Introduction to the Special Issue on Computer Modeling for Future Communications and Networks

Wenbing Zhao1,*, Pan Wang2

1 Department of Electrical Engineering and Computer Science, Cleveland State University, 2121 Euclid Ave., Cleveland, OH, USA
2 School of Modern Posts, Nanjing University of Posts & Telecommunications, Nanjing, China

* Corresponding Author: Wenbing Zhao. Email: email

(This article belongs to the Special Issue: Computer Modeling for Future Communications and Networks)

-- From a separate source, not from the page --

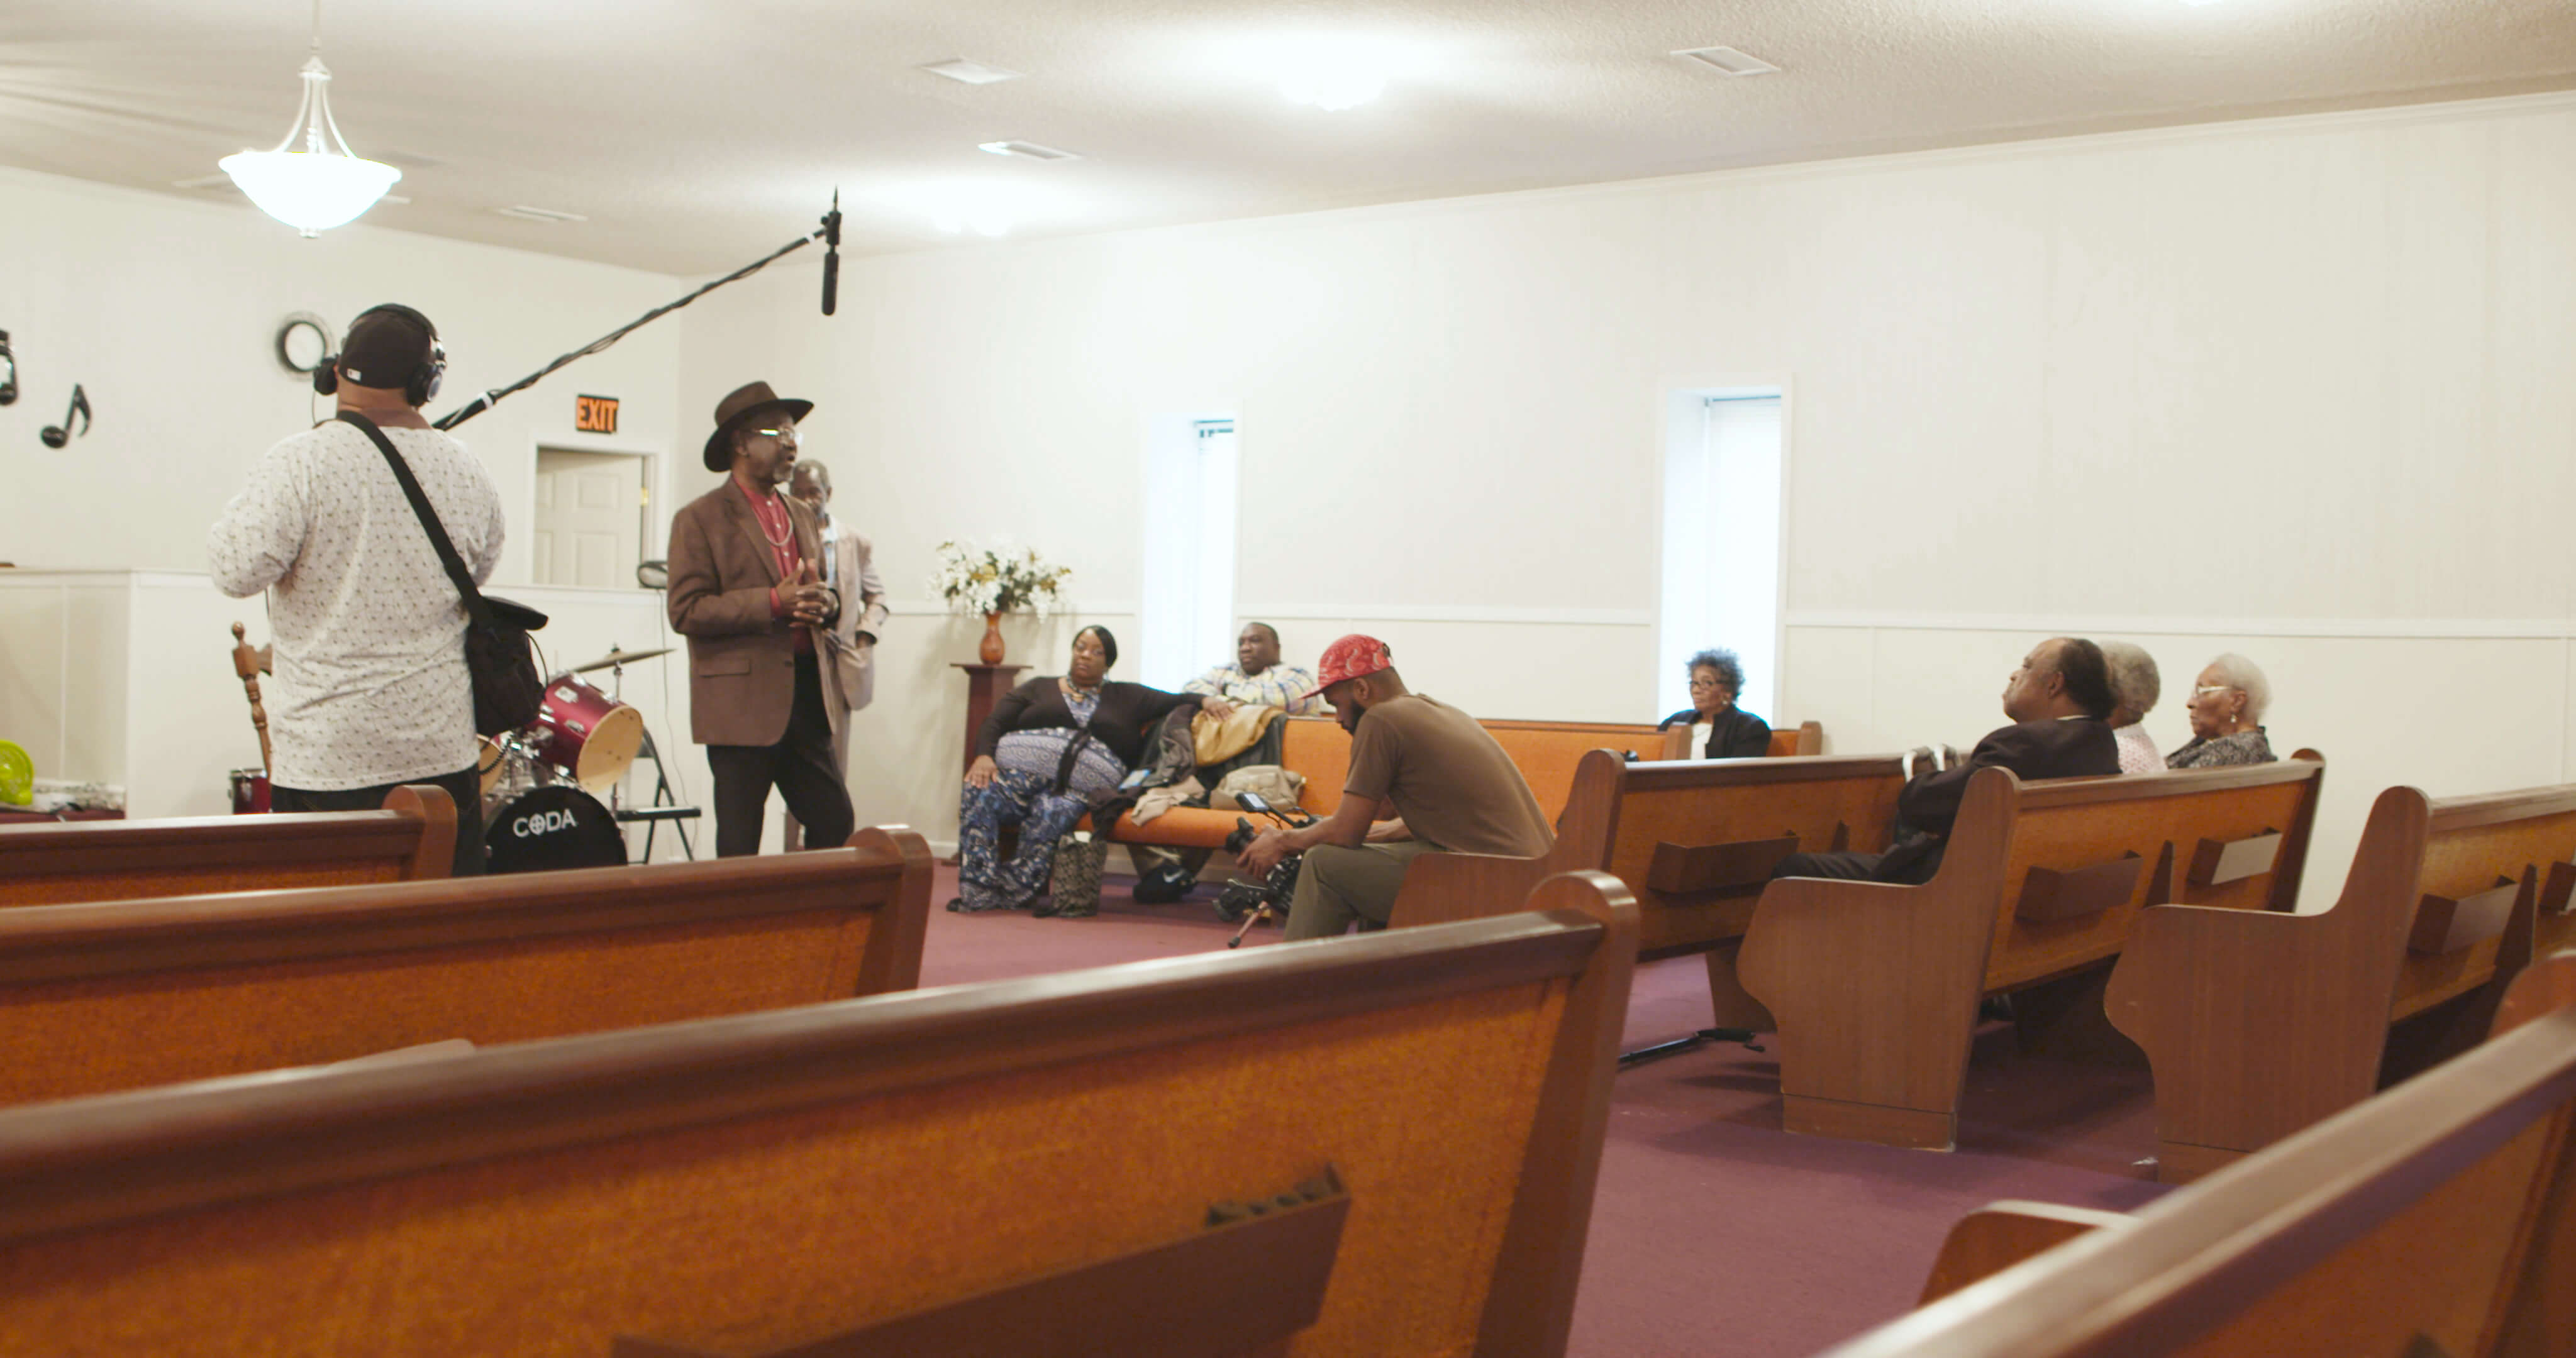 Production still from Frank Bey: You're Going to Miss Me. A man in a brown jacket and wide brimmed hat is addressing a group of people sitting in a wooden pews inside a building. Another is holding a boom mic above him.

Computer Modeling in Engineering & Sciences 2026, 147(3), 2 https://doi.org/10.32604/cmes.2026.084481

Abstract

This article has no abstract.

The next generation of global communication networks is expected to deliver a transformative leap in connectivity, transcending beyond terrestrial limitations to achieve truly ubiquitous coverage. Rather than operating as fragmented regional systems, future infrastructures will leverage Satellite-Terrestrial Integrated Networks (STIN) and 6G technologies to form a unified global network [1]. This paradigm shift ensures continuous coverage across remote and aerial domains, providing exceptionally high reliability and robust protection against increasingly sophisticated cyberattacks by integrating Artificial Intelligence (AI) into secure network architectures [2]. Furthermore, the role of generative AI and edge intelligence is becoming critical for the autonomous management and orchestration of these complex, multi-layered networks [3]. Emerging technologies, including Software-Defined Networking (SDN) [4], Internet of Things (IoT) [5,6], and Machine Learning [7], form the bedrock of the ten articles accepted for this special issue, which bridge the gap between theoretical modeling and the deployment of next-generation infrastructures.

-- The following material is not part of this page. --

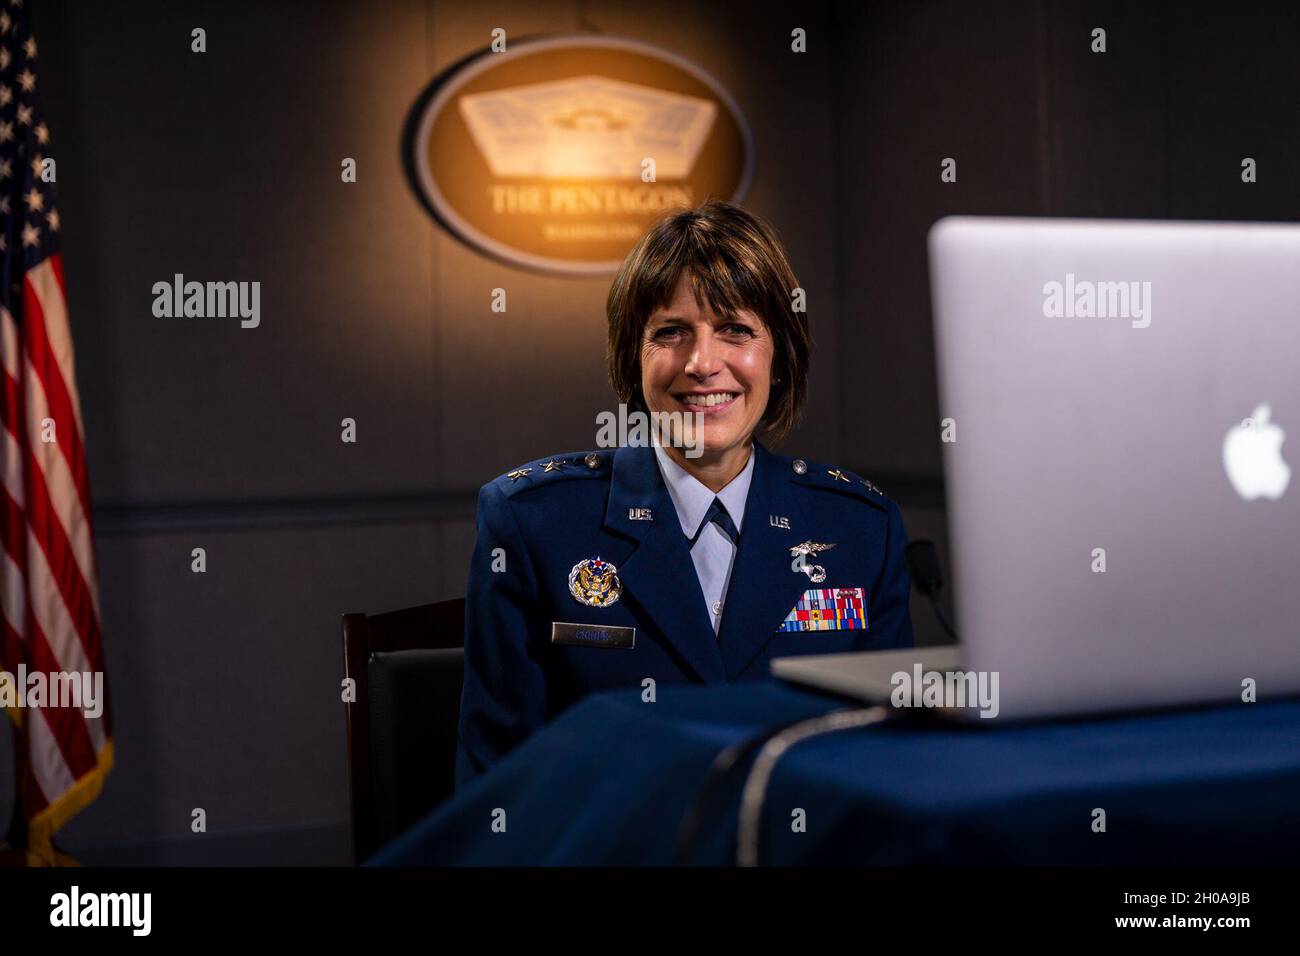 The Chief Technology and Innovation Officer for the U.S. Space Force, Maj. Gen. Kimberly A. Crider, delivers remarks virtually to the Potomac Officer’s Club 5G Summit, the Pentagon, Washington, D.C., Jan. 7, 2021. Stock Photo

This paradigm shift is reflected in the diverse contributions of this special issue (eight research articles and two comprehensive reviews), which address fundamental challenges across the network stack. For instance, the need for efficient, context-aware routing in dynamic environments is explored through hybrid potential-based schemes [8] and optimized algorithms for mobile ad-hoc networks [9]. In the physical and link layers, novel strategies for joint angle estimation [10] and error mitigation in cooperative communications [11] enhance raw connectivity, while adaptive scheduling [12] and resource allocation reviews [13] ensure quality of service in 5G-Advanced and beyond. Furthermore, the issue addresses the critical intersection of reliability and security, presenting optimization for vehicular networks [14], SDN-based dynamic anonymization [15], and few-shot learning for detecting unseen IoT attacks [16], alongside a comprehensive review of signaling storms in mobile broadband [17].

In [8], the authors conducted an in-depth study on potential-based routing and its scheduling integration in the context of industrial wireless mesh networks. Inspired by the movement of charges in an electrostatic potential field, a hybrid-type routing strategy was proposed to leverage the advantages of both back-pressure routing and geographic routing. The routing scheme is specifically designed for one-to-many communication patterns. In addition, a novel scheduling strategy was proposed that is compatible with the routing algorithm, where a higher medium access priority is granted to links that have a larger potential difference.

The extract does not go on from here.